À l’opposé, lorsque les infirmières interviennent dans une entreprise sans PSSE, les représentations de leur pratique dans le cadre du PHN varient davantage de l’une à l’autre car les infirmières ont des représentations différentes du meilleur moment pour intervenir dans le cadre du PHN.

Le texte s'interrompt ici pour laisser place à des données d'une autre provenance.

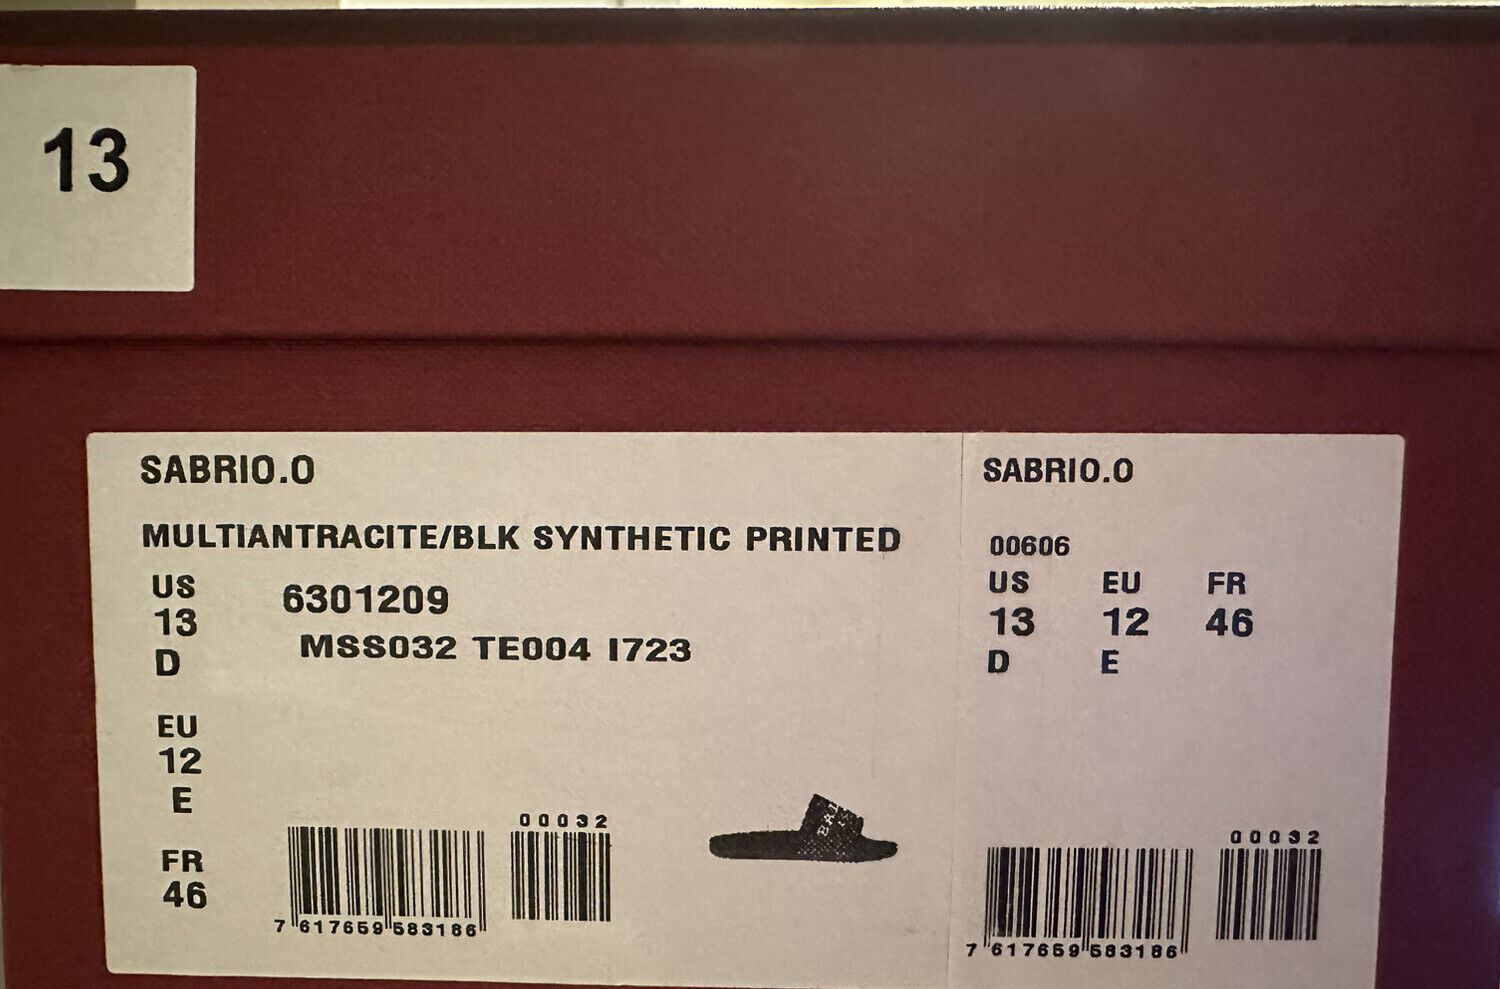 Мужские сандалии NIB Bally Sabrio, черные резиновые сандалии с логотипом, 13, США, 6301209, Италия

Certaines infirmières veulent intervenir rapidement, notamment, pour vérifier l’état de santé des travailleurs surexposés. Ceci témoigne de l’importance accordée au rôle de clinicienne pour certaines participantes. Alors que d’autres affirment qu’une situation hors normes chimique relève davantage de l’inspecteur de la CSST (pouvoir coercitif) et des techniciens en hygiène du travail (évaluation environnementale de l’exposition des travailleurs). Plusieurs infirmières rapportent par exemple, qu’en présence d’un employeur réticent, lequel tarde à apporter les correctifs nécessaires dans son entreprise pour assurer la protection de la santé des travailleurs, il fera davantage l’objet de suivis rigoureux de la part de l’inspecteur de la CSST, notamment, par l’application de mesures coercitives (émission d’avis de dérogation, arrêt du procédé générant une situation hors normes, etc.). Aussi, les spécialistes en hygiène industrielle de l’équipe SAT (hygiénistes et techniciens), par leur formation, leurs connaissances et leur expertise dans la réduction à la source des risques chimiques (substitution, ventilation à la source, etc.) sont mieux disposés pour offrir leur soutien à l’employeur dans ce contexte (risque chimique). Pour certaines, il est nécessaire d’intervenir rapidement dès la découverte d’une situation hors normes en entreprise, parce qu’il n’y a pas de PSSE et parce que s’il y a dépassement de normes environnementales, il y a nécessairement dépassement du seuil d’intervention médicale (SIM) :

« J’essayais de faire valoir qu’il aurait fallu qu’on ajoute un petit carré [dans l’algorithme du PHN] qui dise, si on a une déclaration hors normes, il faut faire la surveillance médicale en même temps [que les activités visant à corriger le hors normes au niveau environnemental]. Cela [la surveillance médicale] aurait dû se retrouver tout de suite après ça [la surveillance environnementale]. Pourquoi? Pour aller sensibiliser les travailleurs, faire des sessions d’info et de la surveillance médicale tout de suite ». B172

Alors que pour d’autres, leurs représentations du PHN les amène à penser que le PHN propose presqu’exclusivement des activités réservées aux médecins, aux techniciens en hygiène ou encore aux inspecteurs de la CSST :

«Quand la DSP a implanté le PHN, cela [le PHN] a toujours visé plus le chimique [les activités de suveillance et de contrôle environnementaux]. Cela a toujours visé les techniciens en hygiène du travail. C’est toujours comme ça. C’est chimique, c’est technicien ». B1164

« Je trouve que ce projet [le PHN], c’est le travail de l’inspecteur [de la CSST] ». B232

« Je trouve que [le PHN] c’est une affaire de techniciens, de mesures [environnementales] de ci et de ça. Ils [les concepteurs du PHN] n’ont pas défini quel était le rôle de l’infirmière. Ils [les concepteurs du PHN] ont défini que lorsqu’il y a un hors normes, la première chose [à faire] est d’envoyer une lettre. La deuxième chose, que l’on [l’équipe SAT] doit faire c’est telle affaire. Il n’y a rien dans ce programme qui parle du médical, de l’infirmière ». D2457

« Nous ne nous sommes pas impliquées car les activités du PHN avaient rapport aux [contaminants] chimiques ». C1149

« C’est un projet qui a débuté en hygiène, qui est mis sur pieds par l’hygiène et pour l’hygiène dans le fond. Le nom de l’infirmière n’apparaît pas dans l’arbre décisionnel, dans la démarche ». A2733

Ces propos démontrent la résistance que certaines infirmières manifestent face au PHN. Jusqu’ici, l’affectation et l’encadrement professionnel des infirmières influencent leurs représentations du PHN et sa mise en oeuvre. L’analyse des représentations des infirmières, quant au PHN et à leur pratique dans ce dernier, laisse entrevoir que le partage des rôles et des fonctions au sein des équipes SAT, découlant de l’organisation du travail est déterminant dans l’interprétation qu’elles font de leur pratique dans le cadre du PHN.